The (Western) metropolis of the 21st century has been conditioned by certain dynamics that have shaped the post-Cold War era. Foremost among these are the radical withdrawal of publicity[2] and a blind ‘market society individualism’ – devoid of any sense of personality and any ethical and aesthetic concerns. These conditions, which completely destroy the social fabric of urban life, have isolated people more and more, and created a terrible inequality. As to the metropolitan apartheids – deprived of even the intra-ghetto solidarity networks that a physical ghetto could provide – the same conditions have made the already critical position of those marginalised groups several times more difficult.

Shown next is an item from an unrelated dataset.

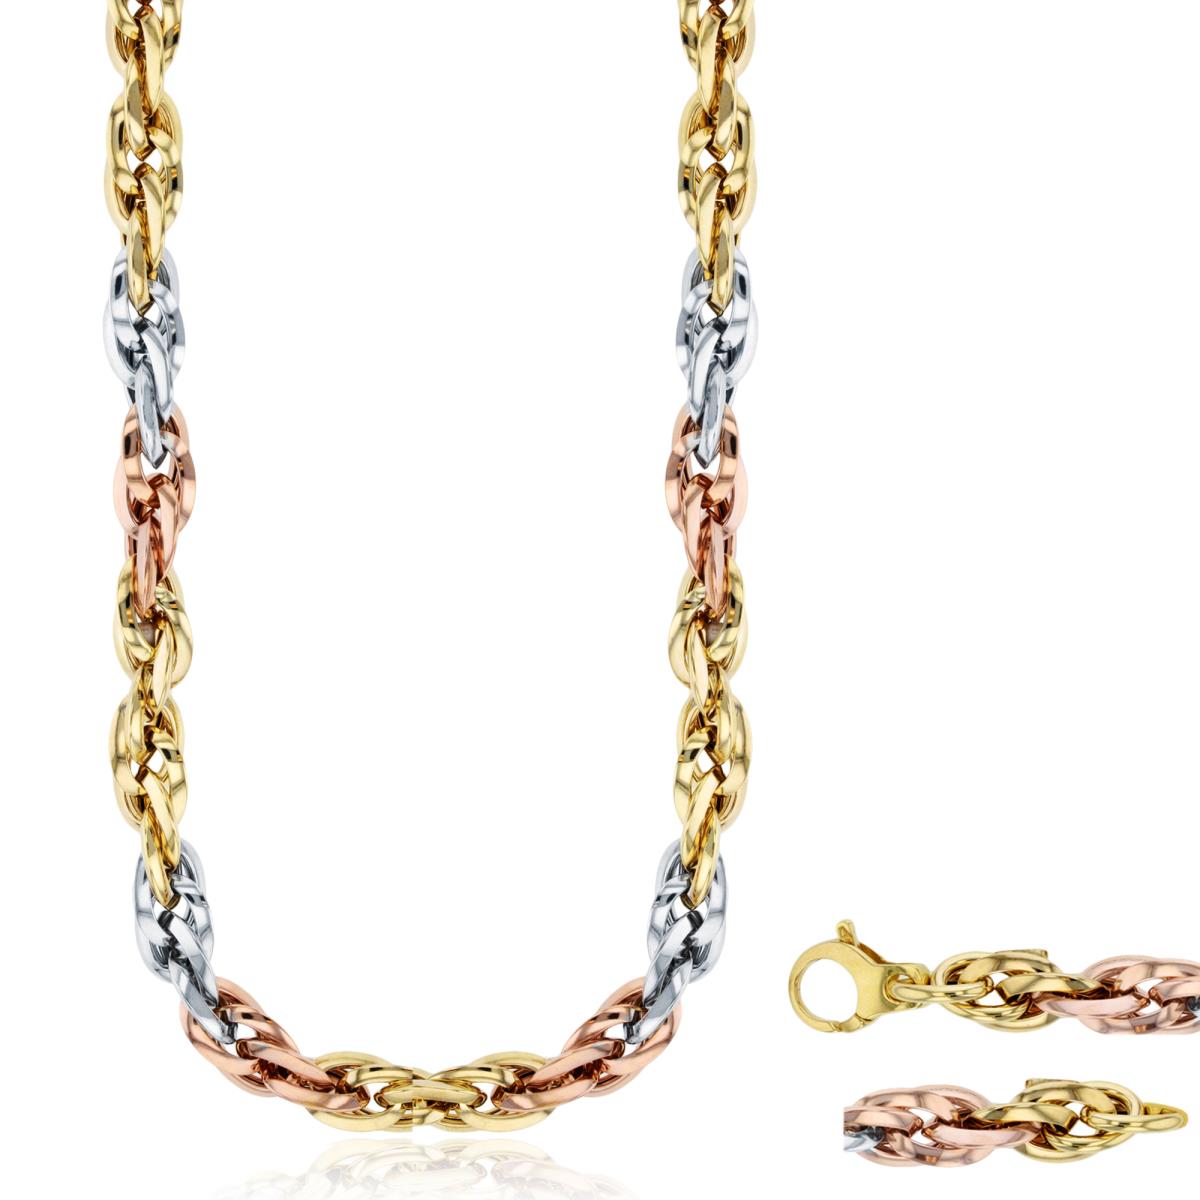 14K Tri-Color Gold 7mm Flat Links Rope 18" Chain

The immigrants, refugees, foreigners, different minority groups, and all the ‘others’ who have been decisively pushed out of the ‘real life’ by the owners of the metropolitan space face strongly the feeling of ‘being alone and helpless’, which, in turn, aims at breaking any possibility of a resistance by these communities. Thus, the spaceless nature of the new apartheid at the metropolis hinders any search or pressure for solidarity. While the primary aim of classical colonial and imperial domination was the control and transfer of physical and visible resources of the overseas to the mainland; as a result of a series of global processes, the colonised of the past is now demanding the right to have a say on the 'Empire'. The relationship between the old coloniser and the colonised has now become much more complex. So the 'Empire' has today had to re-direct its imperial ambitions in this new context. Emerging at the metropolises of the West and heavily felt in nearly every aspect of the urban life, this new and spaceless colonial-racial form – which I conceptualise it here as the ‘metropolis apartheids’ – is the internalisation of 'Empire'; and both as a systematic policy-making style and as an administrative model reveals its new orientation towards the former colonial 'object', which now demands the right to coexist with its old coloniser on an equal status at the imperial spaces.

Yet it will be incomplete if we end the story here. Perhaps the most obvious truth that the long history of colonialism has taught is: there are two sides around the table; the two sides work ‘together’ on the painting canvas: ‘Empire’ and the Resistance. The resulting picture has been shaped by the strokes of these two throughout the history. It will certainly continue to be so in the future.

 Note: I would like to commemorate here the late Edward W Said, the author of many important works, including the masterpieces Orientalism (1978), and Culture and Imperialism (1993), who inspired me to think about many things I discuss in this essay, and who was a valuable teacher and also a tireless activist during all his lifetime.  
  
 

[1] For this period and beyond, see Professor Rashid Khalidi's recently published, excellent work that is truly a masterpiece: The Hundred Years' War on Palestine: A History of Settler Colonialism and Resistance, 1917–2017 (New York: Metropolitan Books, 2020).

[2]  See Richard Sennett, The Fall of Public Man, (New York: Alfred A. Knopf, 1977).